=== Section Start ===
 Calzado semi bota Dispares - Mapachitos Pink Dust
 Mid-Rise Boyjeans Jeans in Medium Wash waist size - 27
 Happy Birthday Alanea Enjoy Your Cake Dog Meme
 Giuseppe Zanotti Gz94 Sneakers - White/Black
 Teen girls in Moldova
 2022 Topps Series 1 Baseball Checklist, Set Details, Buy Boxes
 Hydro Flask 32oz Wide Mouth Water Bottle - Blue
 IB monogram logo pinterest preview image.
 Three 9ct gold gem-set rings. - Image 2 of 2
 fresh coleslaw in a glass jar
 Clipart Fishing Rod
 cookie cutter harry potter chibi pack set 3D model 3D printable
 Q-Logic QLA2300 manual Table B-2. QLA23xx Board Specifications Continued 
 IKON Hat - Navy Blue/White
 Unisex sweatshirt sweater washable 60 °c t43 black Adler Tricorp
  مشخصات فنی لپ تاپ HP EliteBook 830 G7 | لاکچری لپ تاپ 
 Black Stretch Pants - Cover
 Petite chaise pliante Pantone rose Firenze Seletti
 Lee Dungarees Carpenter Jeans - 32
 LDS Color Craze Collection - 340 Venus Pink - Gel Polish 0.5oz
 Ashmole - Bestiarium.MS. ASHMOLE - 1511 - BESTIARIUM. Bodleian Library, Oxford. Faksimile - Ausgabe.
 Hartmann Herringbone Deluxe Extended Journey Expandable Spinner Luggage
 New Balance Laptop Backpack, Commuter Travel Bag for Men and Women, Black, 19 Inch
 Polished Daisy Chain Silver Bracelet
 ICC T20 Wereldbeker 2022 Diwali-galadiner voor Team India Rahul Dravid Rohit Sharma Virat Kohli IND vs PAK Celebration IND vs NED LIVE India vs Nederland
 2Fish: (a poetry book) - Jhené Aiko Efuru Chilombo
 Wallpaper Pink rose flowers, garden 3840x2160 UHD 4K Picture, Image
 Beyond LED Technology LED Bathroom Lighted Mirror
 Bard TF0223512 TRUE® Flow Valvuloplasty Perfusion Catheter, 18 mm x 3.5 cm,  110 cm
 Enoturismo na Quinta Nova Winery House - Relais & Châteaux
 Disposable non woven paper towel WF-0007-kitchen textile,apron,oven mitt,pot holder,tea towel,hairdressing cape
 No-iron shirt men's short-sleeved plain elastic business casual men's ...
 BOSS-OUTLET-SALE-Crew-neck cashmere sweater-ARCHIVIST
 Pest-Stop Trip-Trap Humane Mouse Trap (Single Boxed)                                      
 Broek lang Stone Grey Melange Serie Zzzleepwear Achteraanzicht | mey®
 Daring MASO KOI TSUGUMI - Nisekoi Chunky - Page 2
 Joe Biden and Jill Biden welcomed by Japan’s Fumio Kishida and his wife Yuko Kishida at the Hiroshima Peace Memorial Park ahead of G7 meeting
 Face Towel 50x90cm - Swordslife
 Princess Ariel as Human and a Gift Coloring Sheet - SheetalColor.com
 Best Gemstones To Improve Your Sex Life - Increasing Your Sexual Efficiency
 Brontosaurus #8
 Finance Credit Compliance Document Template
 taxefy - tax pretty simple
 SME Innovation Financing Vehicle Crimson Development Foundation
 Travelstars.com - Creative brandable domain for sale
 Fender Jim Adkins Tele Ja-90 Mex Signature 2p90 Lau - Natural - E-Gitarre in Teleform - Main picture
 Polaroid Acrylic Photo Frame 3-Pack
=== Section End ===
Your task: Quote the data above from the line containing "Happy Birthday Alanea" to the line containing "Clipart Fishing Rod", inclusive, and stop.

Output for this exercise:
 Happy Birthday Alanea Enjoy Your Cake Dog Meme
 Giuseppe Zanotti Gz94 Sneakers - White/Black
 Teen girls in Moldova
 2022 Topps Series 1 Baseball Checklist, Set Details, Buy Boxes
 Hydro Flask 32oz Wide Mouth Water Bottle - Blue
 IB monogram logo pinterest preview image.
 Three 9ct gold gem-set rings. - Image 2 of 2
 fresh coleslaw in a glass jar
 Clipart Fishing Rod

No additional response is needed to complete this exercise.